* _Task to carry out_: An exact copy of the data is required; the images should not appear in it.

* _Given information_:

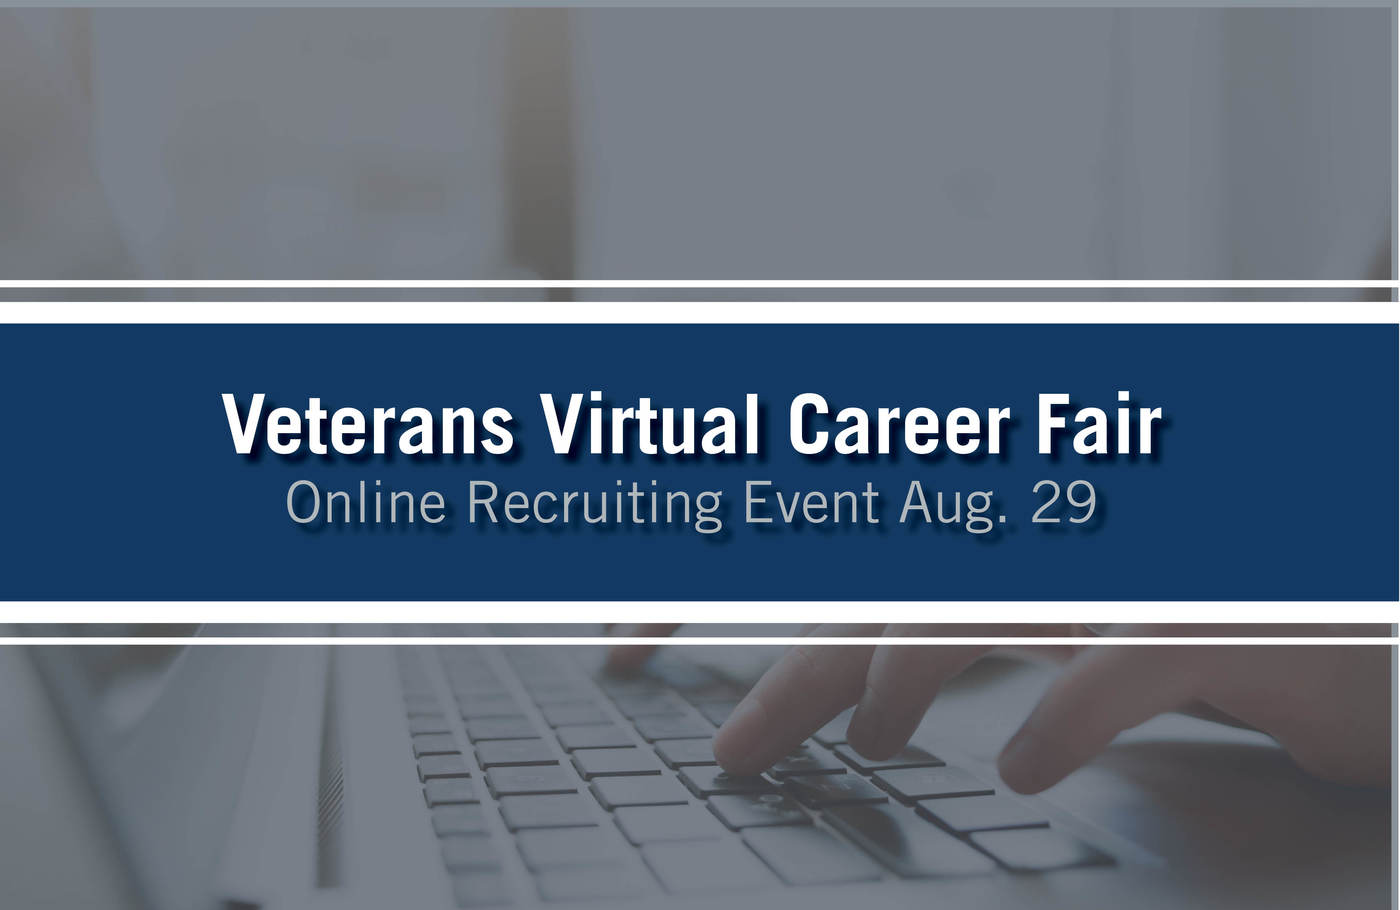 veterans virtual career fair on august 29th
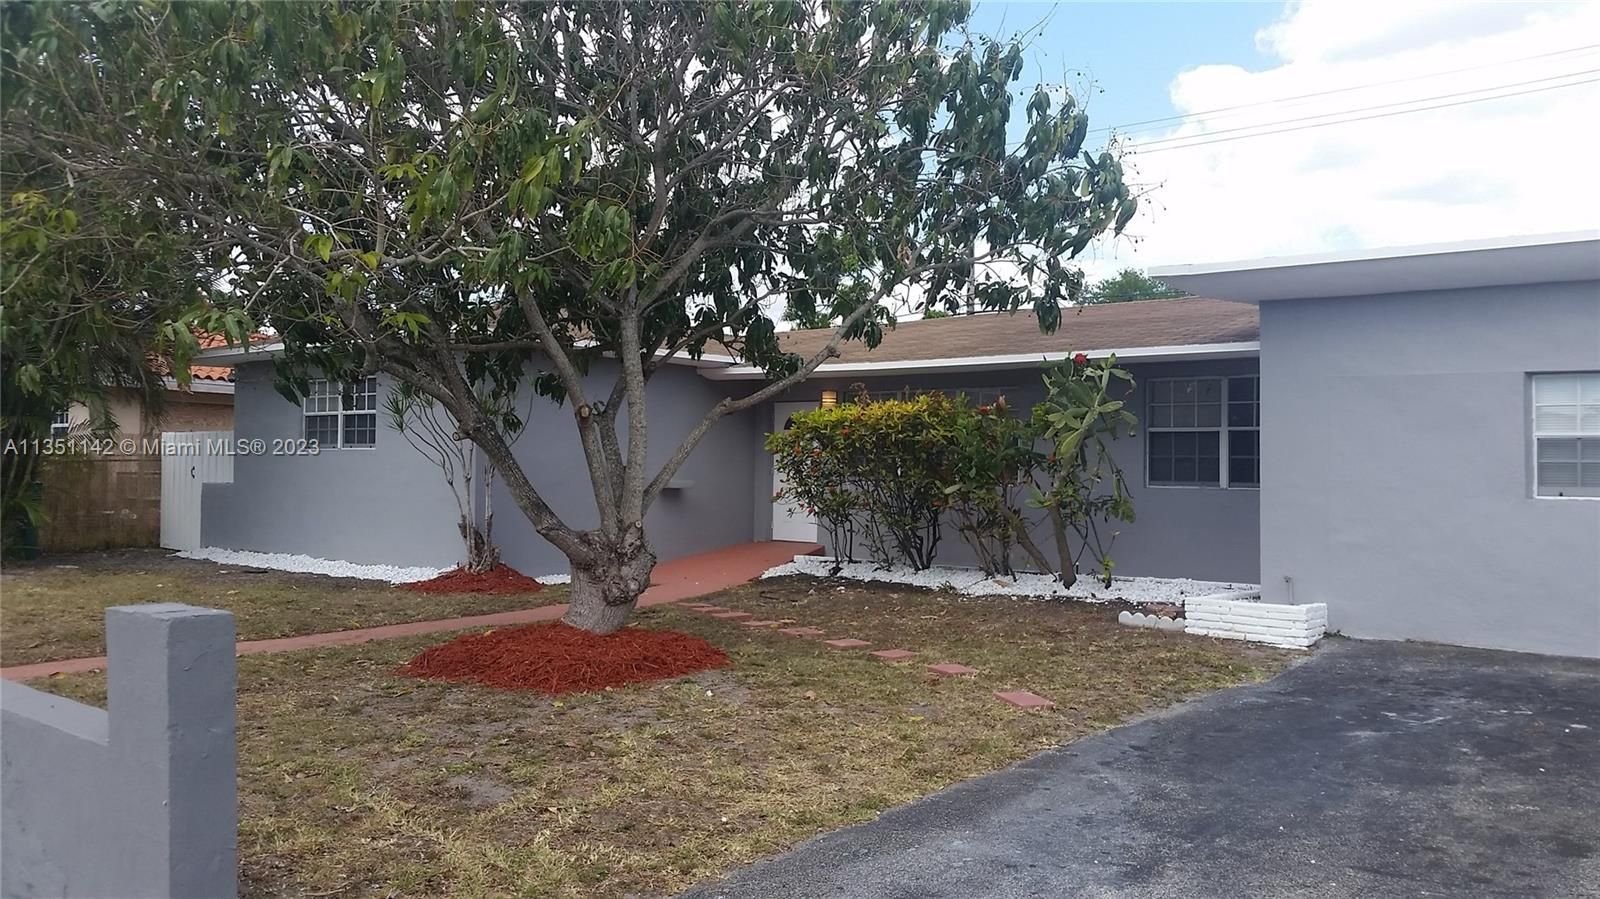 Real estate property located at 775 180th St, Miami-Dade County, Miami, FL
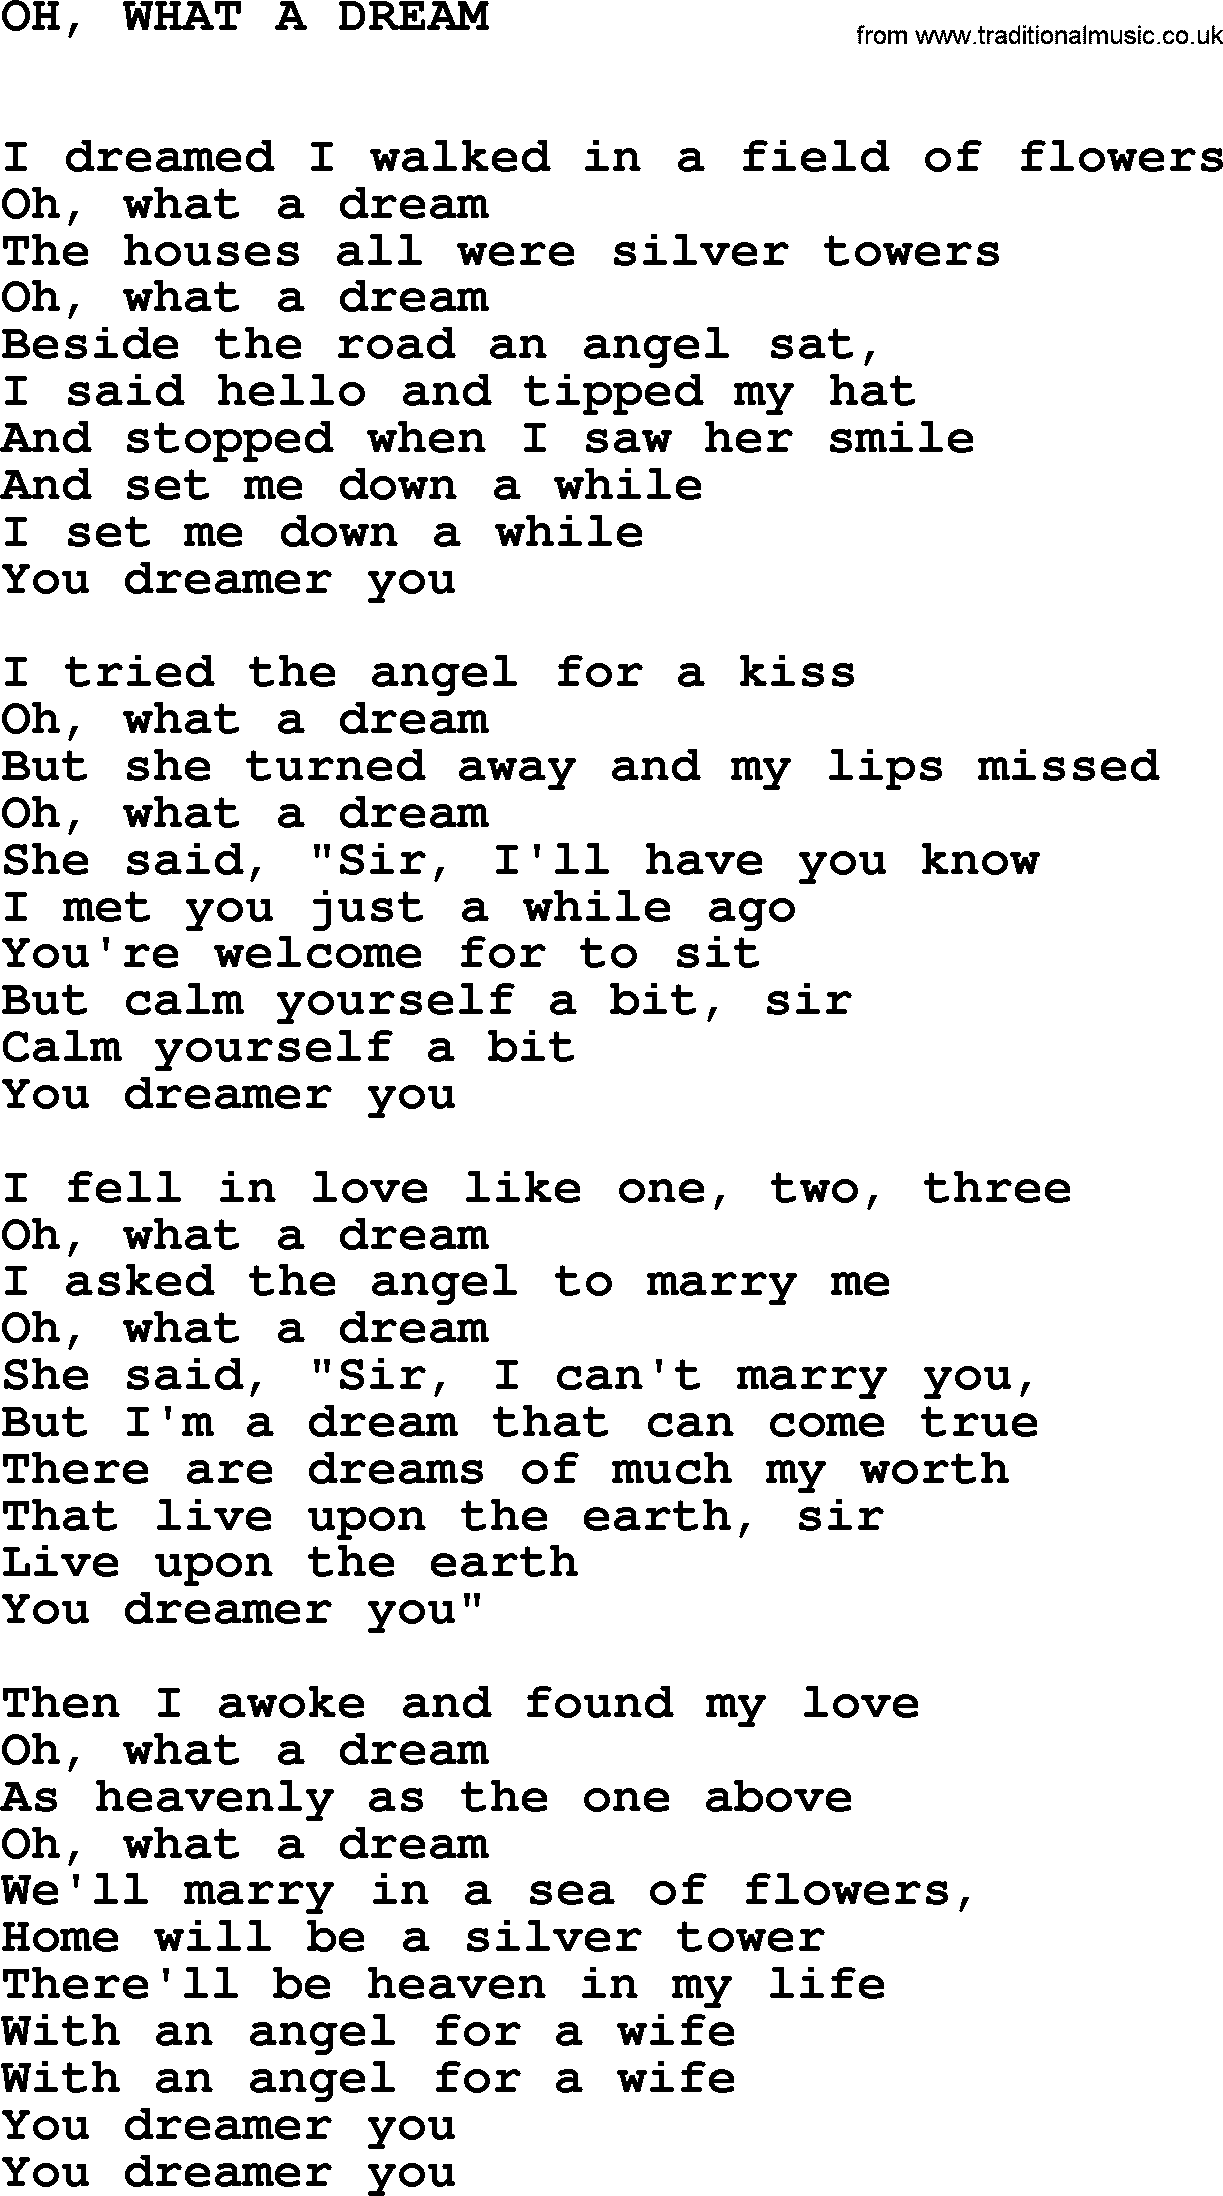 Johnny Cash song Oh, What A Dream.txt lyrics
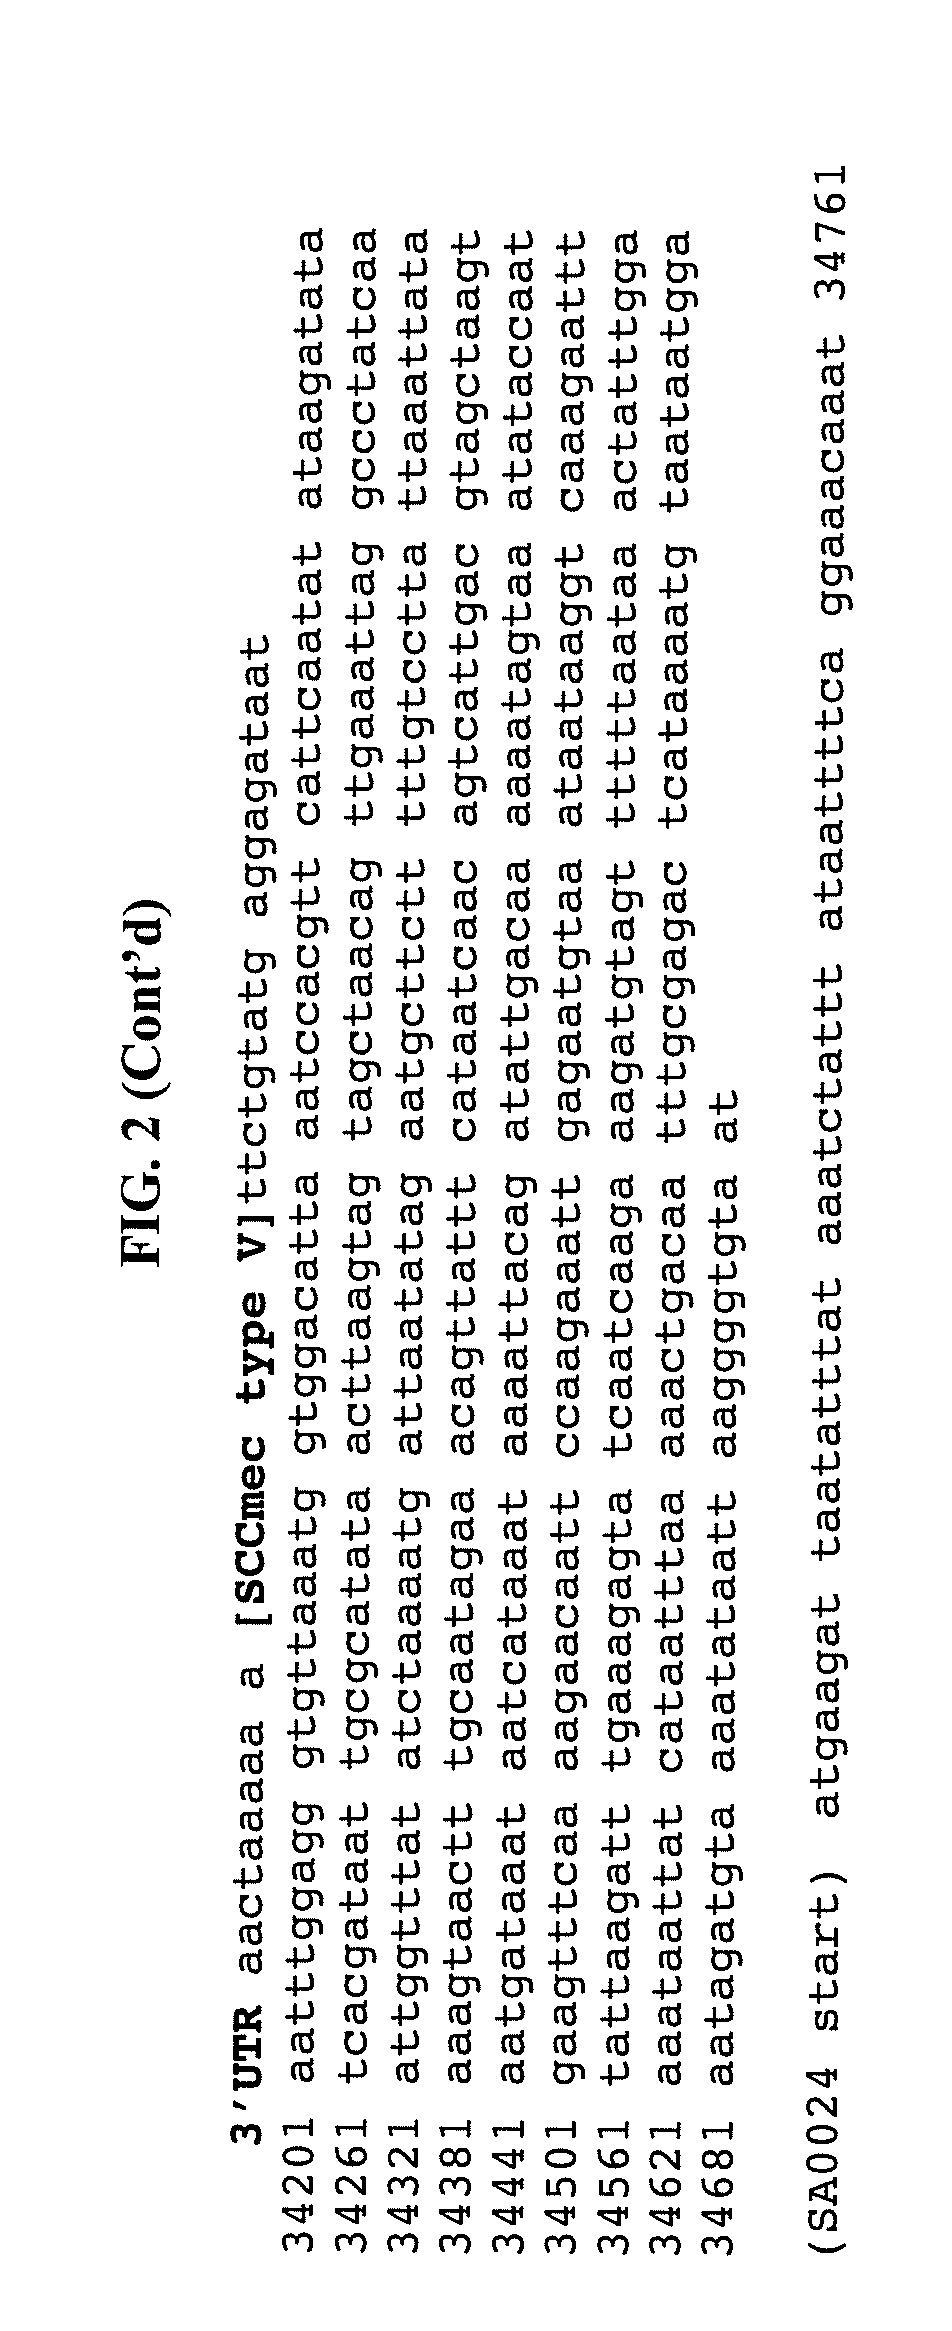 Method of determining types I, II, III, IV or V or methicillin-resistant Staphylococcus aureus (MRSA) in a biological sample

* _Result of this exercise_:
 veterans virtual career fair on august 29th
 Real estate property located at 775 180th St, Miami-Dade County, Miami, FL
 Johnny Cash song Oh, What A Dream.txt lyrics
 Method of determining types I, II, III, IV or V or methicillin-resistant Staphylococcus aureus (MRSA) in a biological sample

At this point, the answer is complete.